1。細胞溶解:
* 破壊: このステップでは、細胞を開いてDNAを放出することが含まれます。これは、細胞タイプに応じて、さまざまな方法で実現できます。
* 物理的混乱: 植物や動物の細胞には、研削、ブレンド、超音波処理などの機械的方法が使用できます。
* 化学溶解: リゾチームのような洗剤と酵素は、細胞膜と壁を分解する可能性があります。
* 細胞破片の除去: 放出されたDNAは、他の細胞成分と混合されます。遠心分離は、DNAを破片から分離するために使用され、DNAを含む上清を残します。
2。 DNA沈殿:
* 塩の追加: 高塩濃度は、DNAバックボーンの負電荷を中和するのに役立ち、溶液から沈殿することができます。
* アルコールの追加: エタノールまたはイソプロパノールが溶液に添加され、DNAの溶解度が低下し、溶液から沈殿します。
3。 DNA分離:
* 遠心分離: 沈殿したDNAは、遠心分離によって収集されます。 DNAは、チューブの底にペレットを形成します。
* 洗濯: ペレットは、塩やタンパク質などの不純物を除去するために緩衝液で洗浄されます。
4。 DNA精製:
* 酵素消化: RNaseなどの酵素を使用して、RNA汚染を除去できます。
* 列クロマトグラフィー: この手法は、サイズ、電荷、または結合親和性に基づいて、DNAを他の分子から分離します。
5。 DNAの定量化:
* 分光測光法: DNAの濃度は、特定の波長(260 nm)での吸光度によって測定されます。

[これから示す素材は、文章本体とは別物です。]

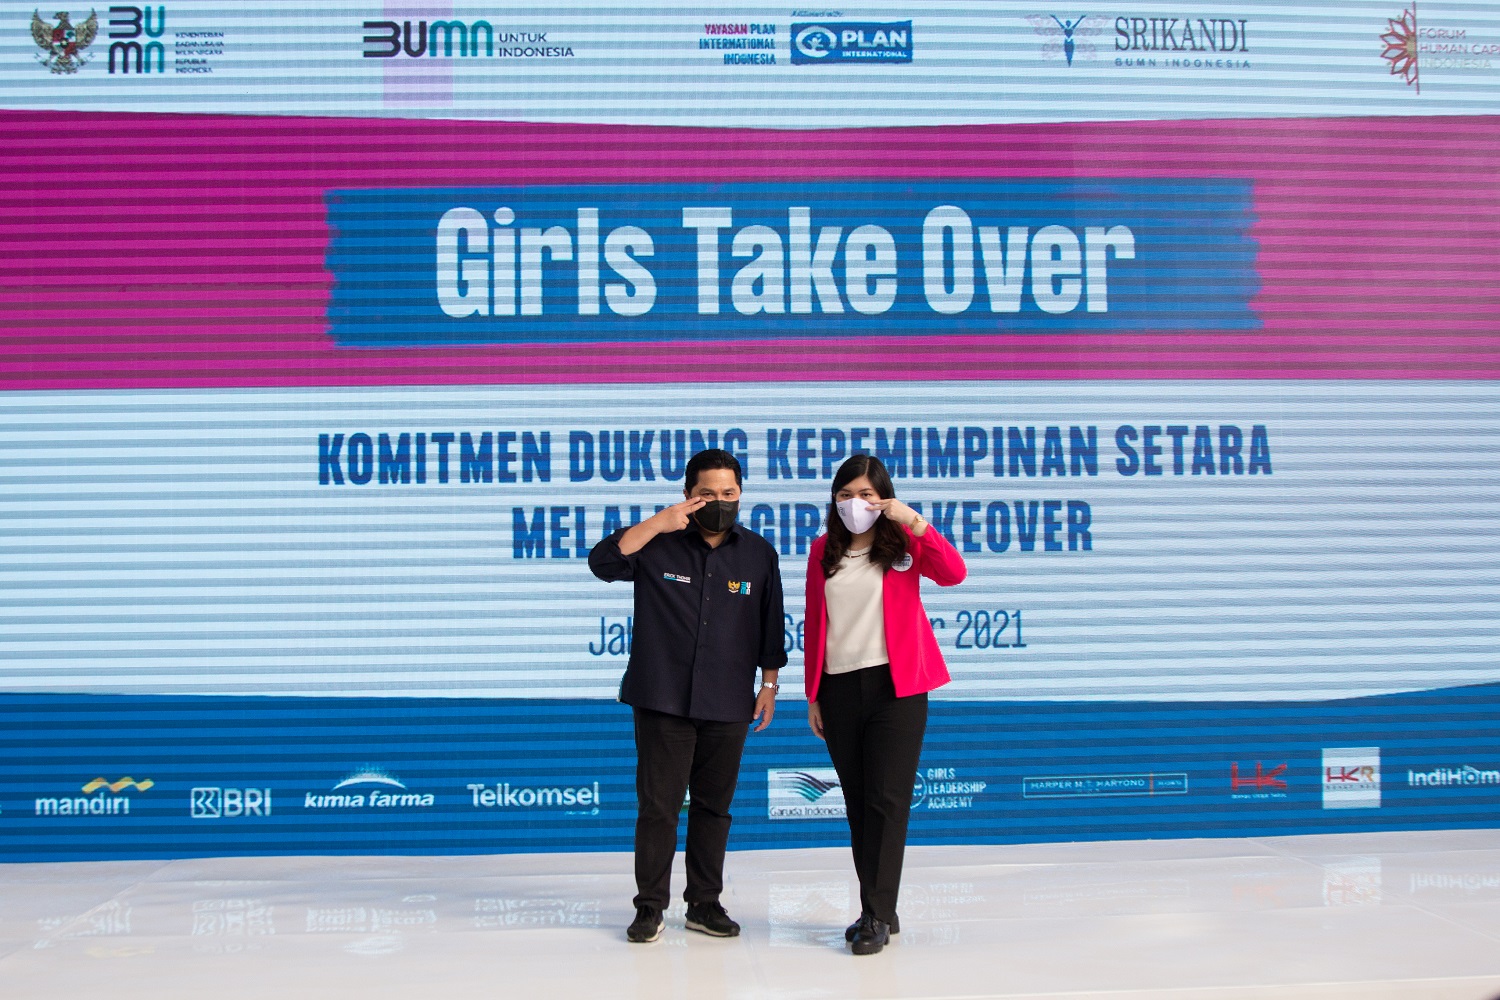 #GirlsTakeOver, Mencatat Pengalaman Pemimpin Perempuan di BUMN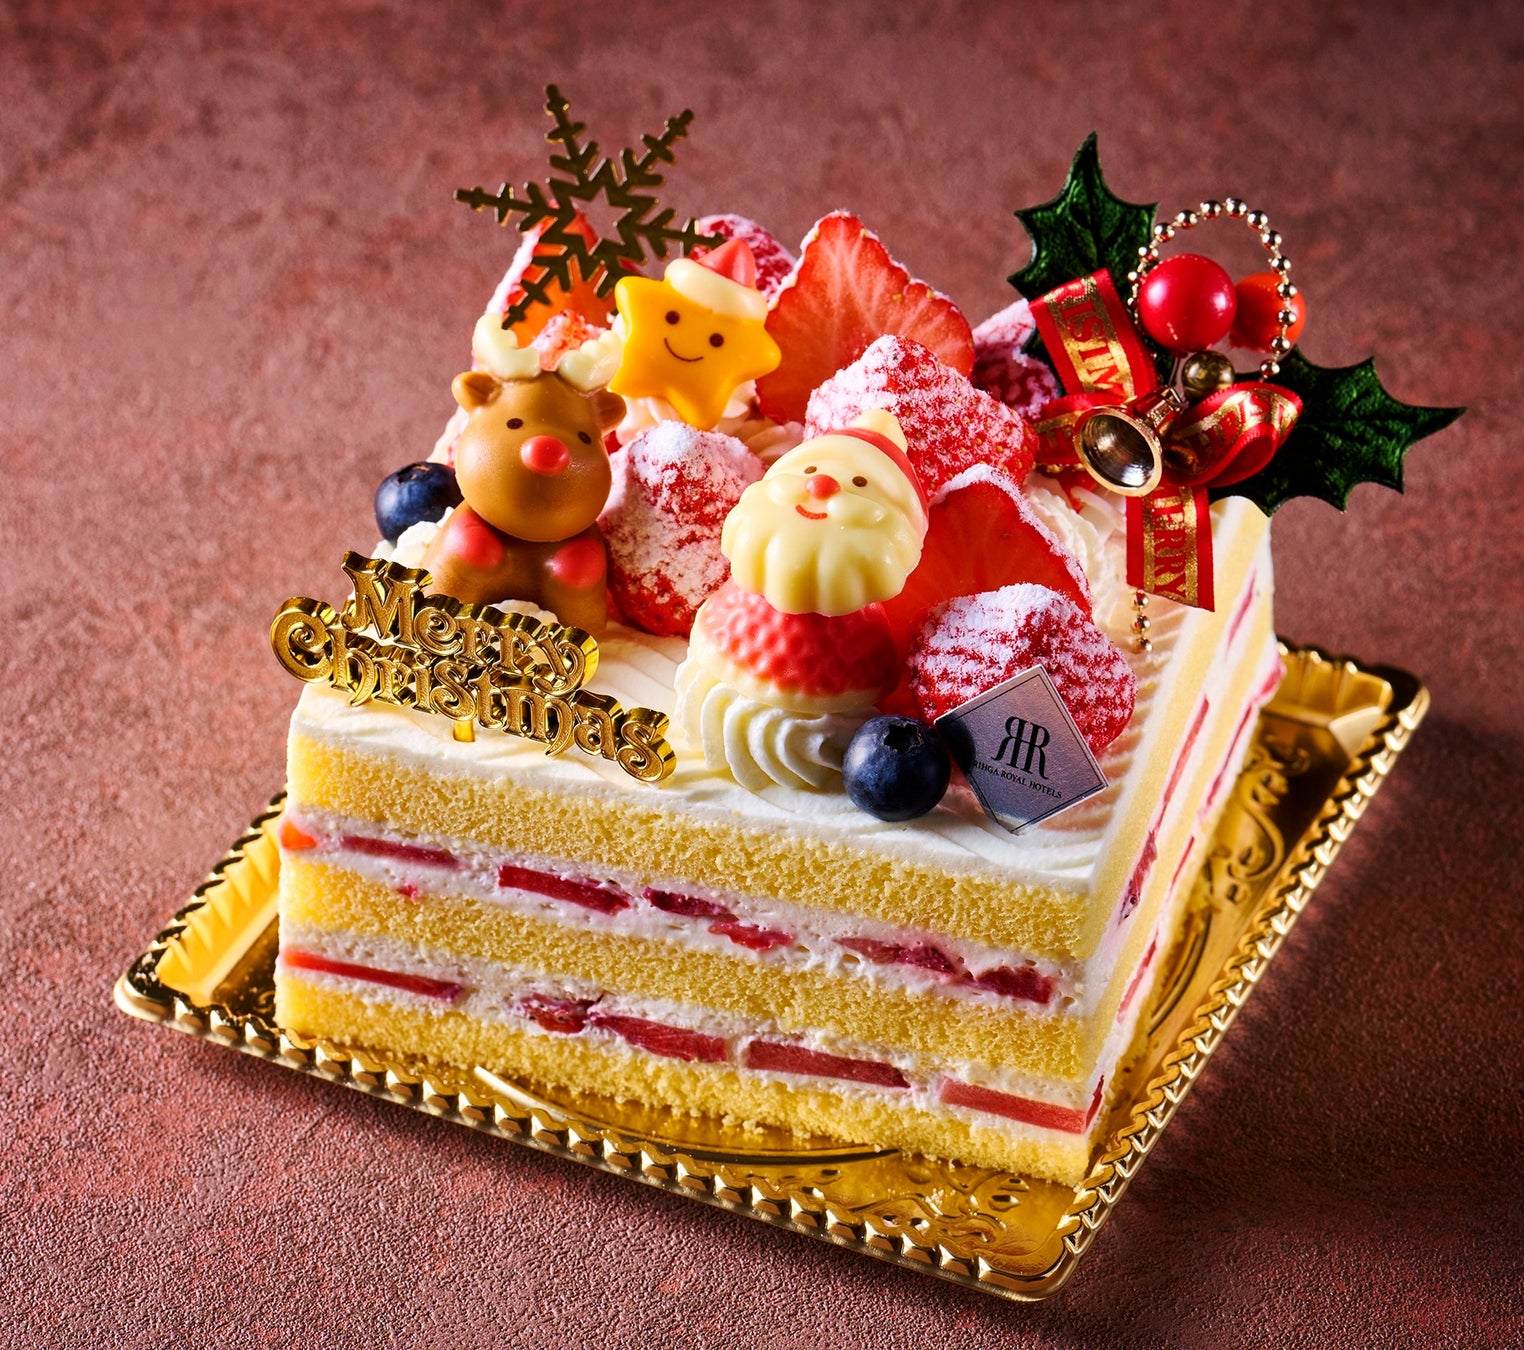 「苺のサンタデコレーションケーキ」 イメージ

* 蛍光測定: 蛍光色素はDNAに結合して光を放出し、定量化を可能にします。
6。 DNAストレージ:
* 凍結: 孤立したDNAは、長期貯蔵のために-20°Cまたは-80°Cで保存できます。
DNA分離の一般的な手法:
* フェノールクロロホルム抽出: 有機溶媒を使用してDNAをタンパク質から分離する古典的な方法。
* 塩漬け: 塩を利用してDNAを沈殿させるよりシンプルな方法。
* スピン列: 膜を使用してDNAを結合し、不純物を除去する便利なキット。
* 磁気ビーズベースの分離: DNA結合剤でコーティングされた磁気ビーズを使用して、DNAを分離します。
これらの技術により、科学者はさまざまなソースから純粋なDNAを取得することができ、遺伝子クローン、DNAシーケンス、遺伝子検査など、幅広い分子生物学研究を実施できるようにします。